Голова посольского приказа дьяк Федор Лихачев дремал.
— Послезавтра утром на охоту, бояре! — встал царь, давая понять, что разговор окончен, можно расходиться.
Бояре раскланивались, выплывали важно из хоромов государевых. Каждому хотелось выйти последним, что означало бы особую приближенность к трону. С Михаилом Федоровичем остался князь Долгорукий. Он дружески шептал царю:
— Когда начнется загон, мы заедем в кусты. Обменяемся конями и накидками. Я наброшу на свои плечи твой малиновый плащ и поскачу. Свита помчится за мной. И ты свободен, государь! Лети во весь опор к избушке. Там тебя ждут юницы!

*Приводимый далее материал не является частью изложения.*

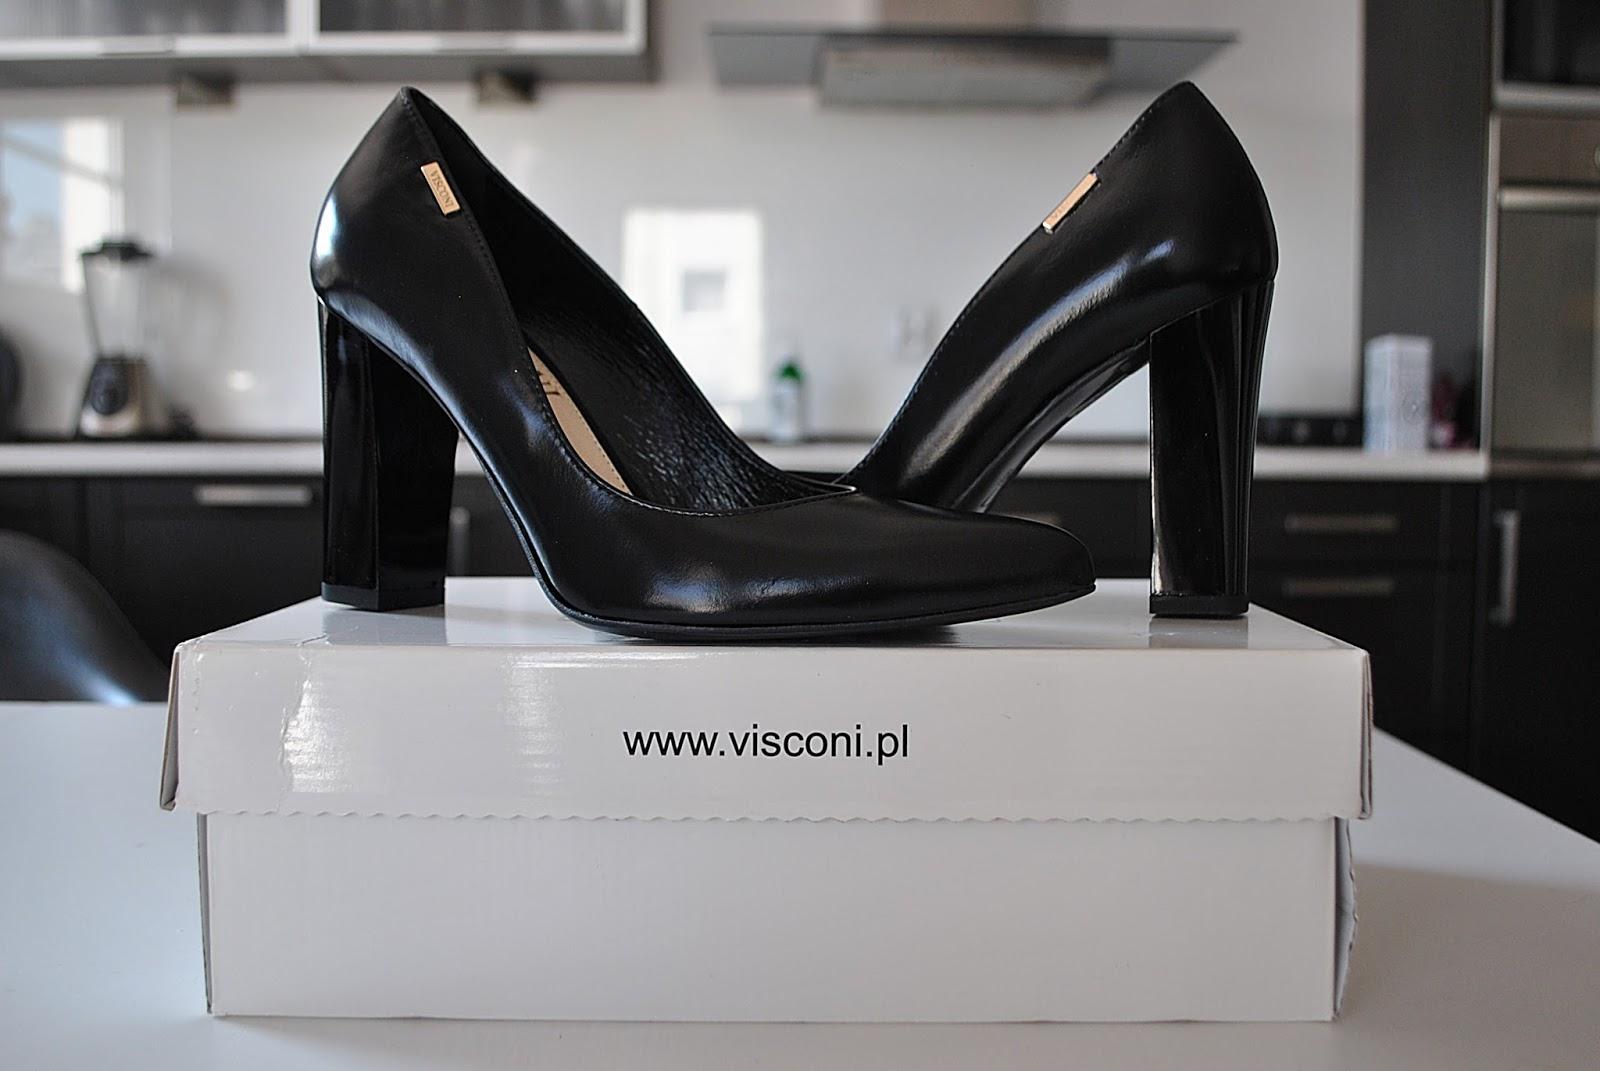 obuwie marki Visconi.

— А ты-то как улизнешь от бояр, князь?
— Где-нибудь за деревьями сниму плащ, суну в мешок. Вывернусь оборотнем.
— Вот смеху будет! Потеряют бояре на охоте царя!
Голицын оглядывался, шипел на ухо Шереметьеву:
— Ну и самодержец! Как он произносит — повелеваю! Хе-хе! Сам ить не верит, что может повелевать. Табакуров казнит, а перед казаками мельтешит.
— Однако он держится с каждым годом смелей.